EvidenceProf Blog

Editor: Colin Miller
Univ. of South Carolina School of Law

Friday, November 27, 2020

Supreme Court of Washington Grapples With the "Hue and Cry" Hearsay Exception

Washington continues to apply a "hue and cry" or "fact of the complaint" exception to the rule against hearsay for "evidence in a sex offense case that the victim made a timely complaint after the assault." State v. Trujillo, 2002 WL 339412 (Wash.App. 2002). The Supreme Court of Washington called this exception into question at least as early as 1949 in State v. Murley, 212 P.2d 801 (Wash. 1949), when it held that

An exception to these exclusionary rules is that in criminal trial for sex offenses the credibility of the complaining witness, irrespective of whether it is assailed or unassailed, may be supported by evidence of her timely prior out-of-court complaint. This exception stems from the feudal doctrine of hue and cry. This doctrine rests on the ground that a female naturally complains promptly of offensive sex liberties upon her person and that, on trial, an offended female complainant's omission of any showing as to when she first complained raises the inference that, since there is no showing that she complained timely, it is more likely that she did not complain at all the therefore that it is more likely that the liberties upon her person, if any, were not offensive and that consequently her present charge is fabricated. Thus, formerly, to overcome the inference, it became essential to the state's case-in-chief to prove affirmatively that she made timely hue and cry.

And yet, the exception has never been abrogated.

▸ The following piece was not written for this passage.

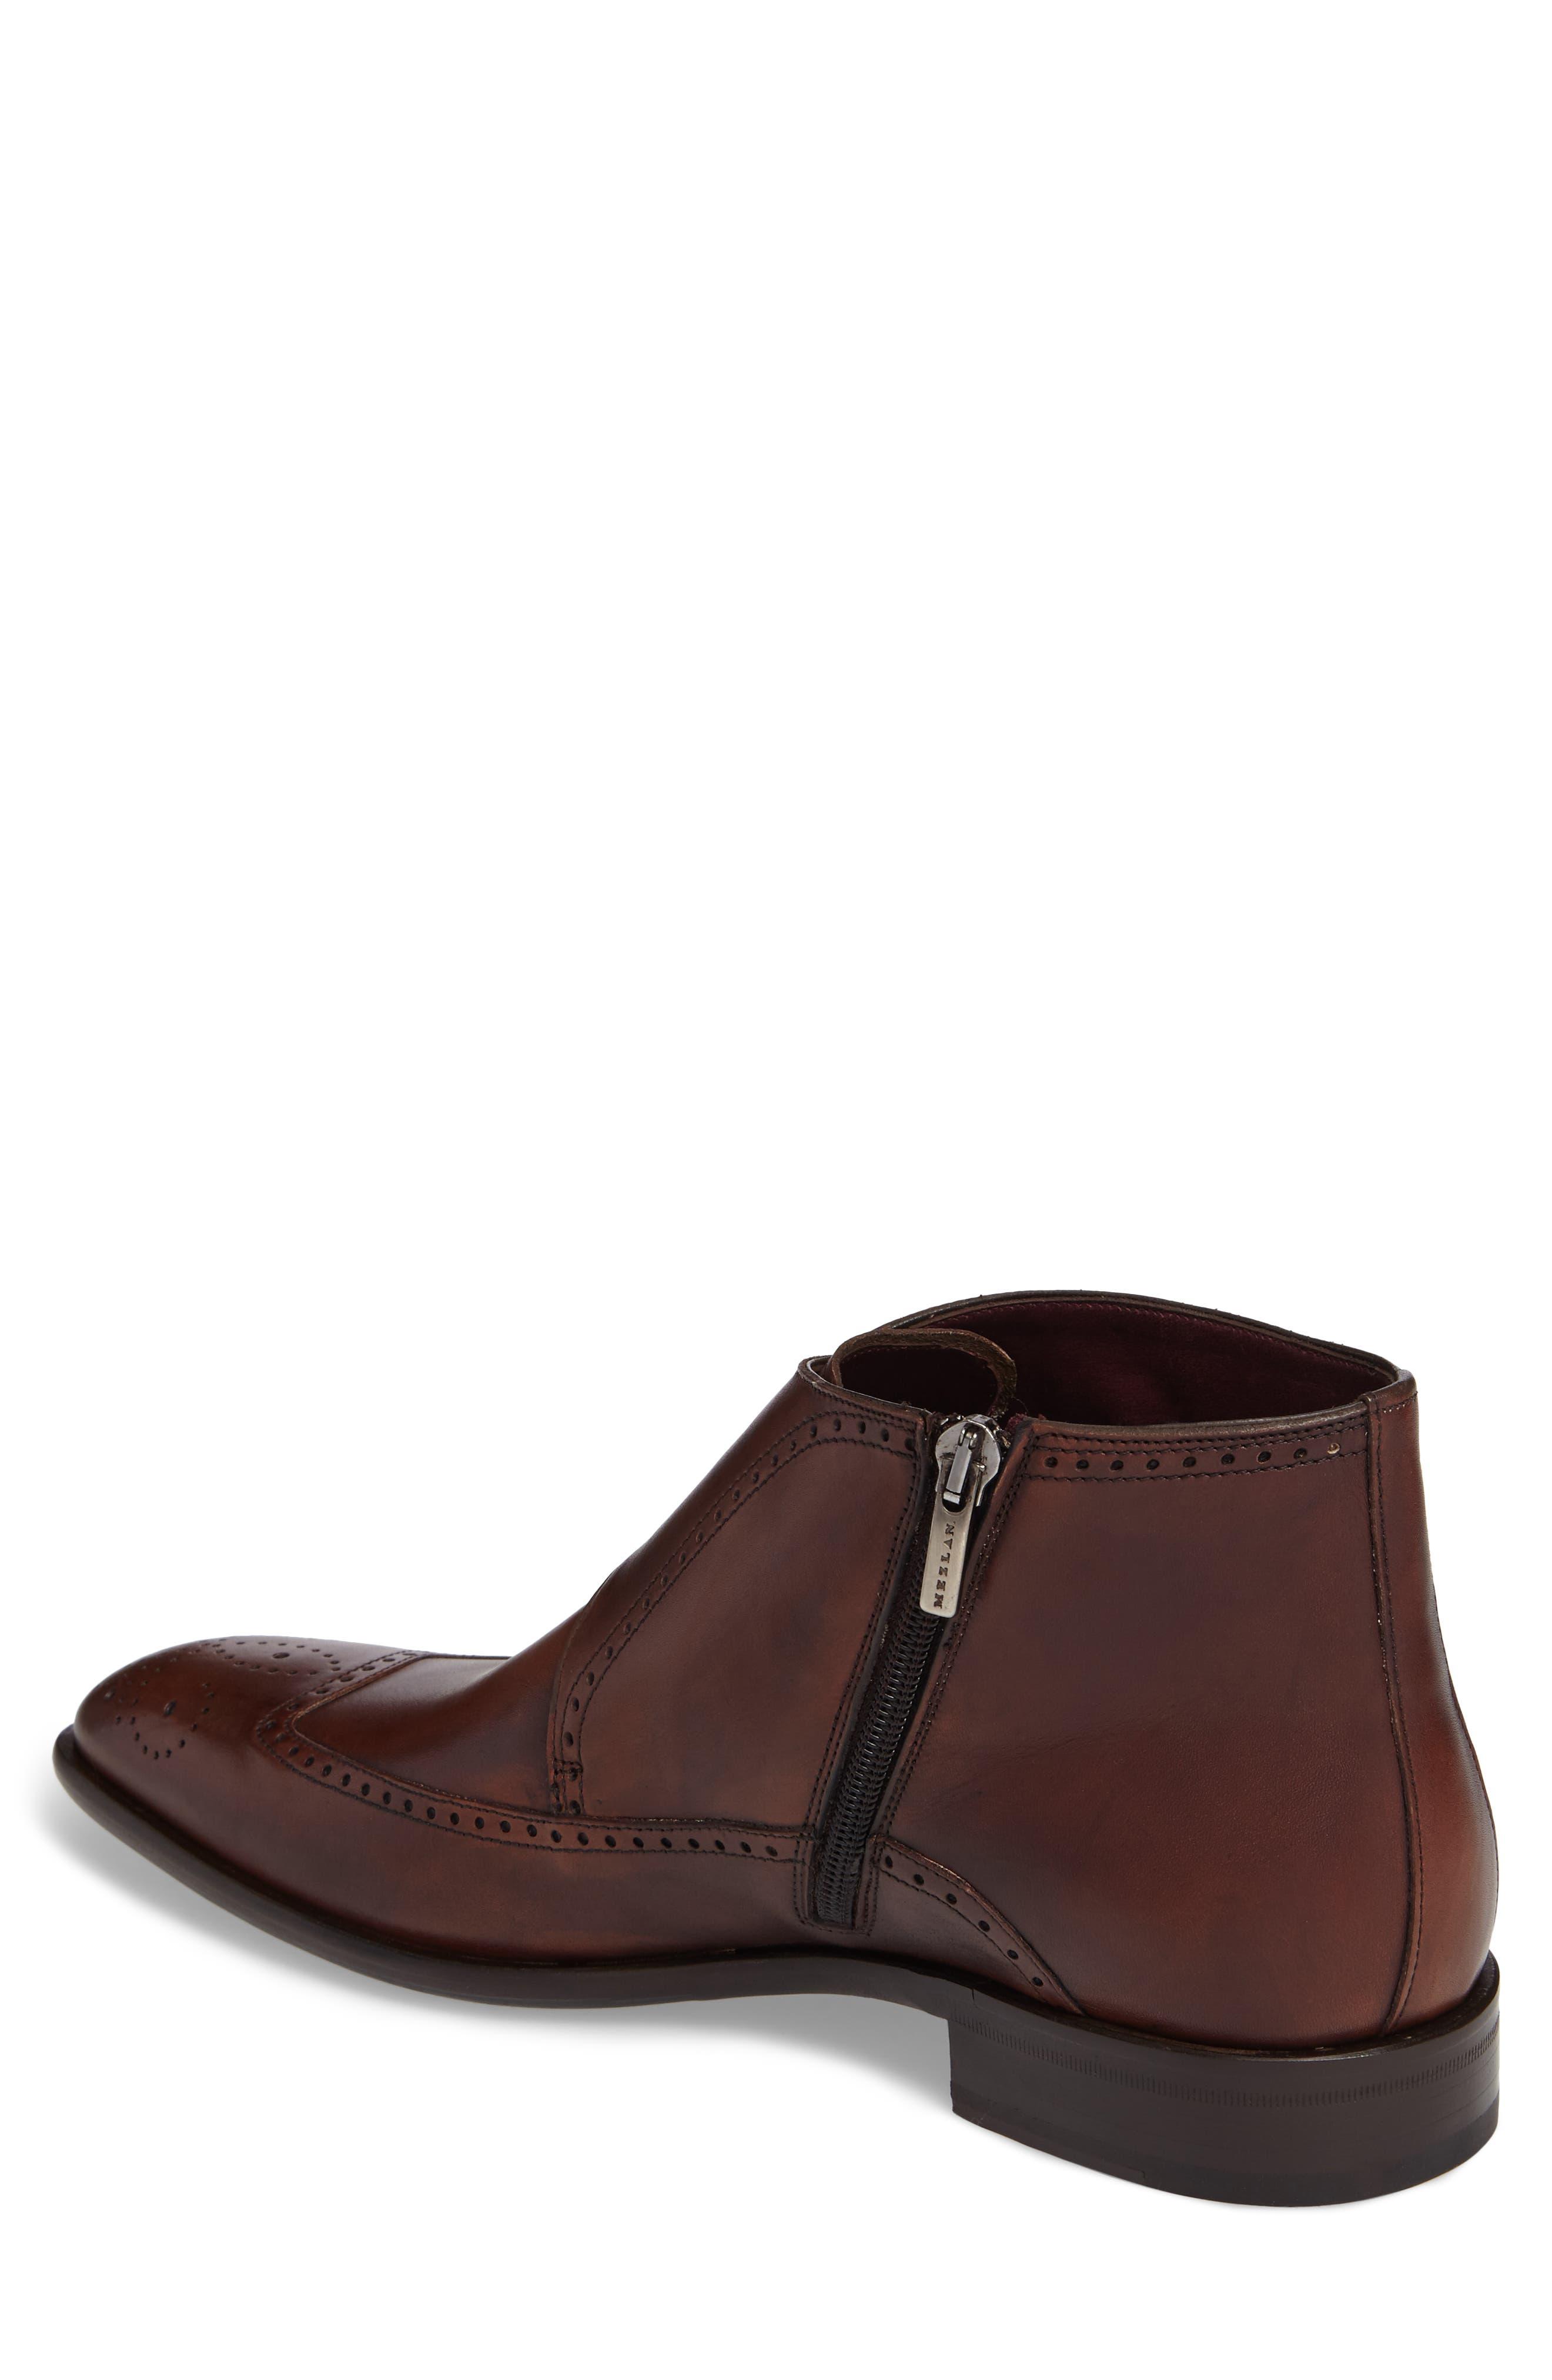 Alternate Image 2  - Mezlan Taberna Double Monk Strap Boot (Men)

The most recent example can be found in the November 19th opinion of the Supreme Court of Washington in State v. Martinez, 2020 WL 6789075 (Wash. 2020), where the majority upheld the exception. But, in a dissent, Justice McCloud observed that

Different states have acknowledged some of these problems and taken different approaches to addressing them. Almost 20 years ago, the Tennessee Supreme Court recognized that the doctrine had its “genesis in the profoundly sexist expectation that female victims of sexual crimes should respond in a prescribed manner or risk losing credibility.” State v. Kendricks, 891 S.W.2d 597, 604 (Tenn. 1994). Similarly, New Jersey's Supreme Court has recognized that the doctrine is based on a “pseudo-Freudian analysis of the ways a ‘normal’ woman would react to sex and to rape.” Hill, 121 N.J. at 162, 578 A.2d 370.

Tennessee then abolished the doctrine as applied to children-like the child victim in this case-because “unlike the presumptions regarding adult victims, juries do not necessarily presume that children fabricate, nor do they presume that a child will complain immediately.” State v. Livingston, 907 S.W.2d 392, 395 (Tenn. 1995). Massachusetts limited testimony “to that of one witness-the first person told of the assault” so as to “accomplish the primary goal of the doctrine” while avoiding excessive prejudice. Commonwealth v. King, 445 Mass. 217, 242-43, 834 N.E.2d 1175 (2005). California and Vermont chose to admit complaints for limited nonhearsay purposes, in accordance with their respective rules of evidence. People v. Brown, 8 Cal. 4th 746, 760-61, 883 P.2d 949, 35 Cal. Rptr. 2d 407 (1994) (characterizing “complaint” of a crime as nonhearsay conduct); State v. Madigan, 2015 VT 59, P 28, 199 Vt. 211, 122 A.3d 517 (2015) (rejecting “the ‘fresh-complaint rule’ as an independent evidentiary doctrine because the doctrine has been largely supplanted by rules of evidence” but noting that that evidence “is often, though not always, admissible under our modern rules of evidence”).

We should follow the guidance of these states to seek solutions other than upholding the hue and cry rule in its current form. I would take the clear and direct path that California and Vermont chose and apply our duly enacted ERs—as we do in all other situations. That would mean that a timely complaint of rape would be admissible as substantive evidence to rebut express or implied charges of recent fabrication. ER 801(d)(1)(ii). It could also be admissible as an excited utterance, ER 803(a)(2), a statement for purposes of medical treatment, ER 803(a)(4), a statement of present mental state, ER 803(a)(1), etc. But all such admissibility decisions would have to be based on an individual finding that it satisfied one of those exceptions—exceptions that must be applied to every other out-of-court statement offered for the truth of the matter asserted in every other serious violent criminal case.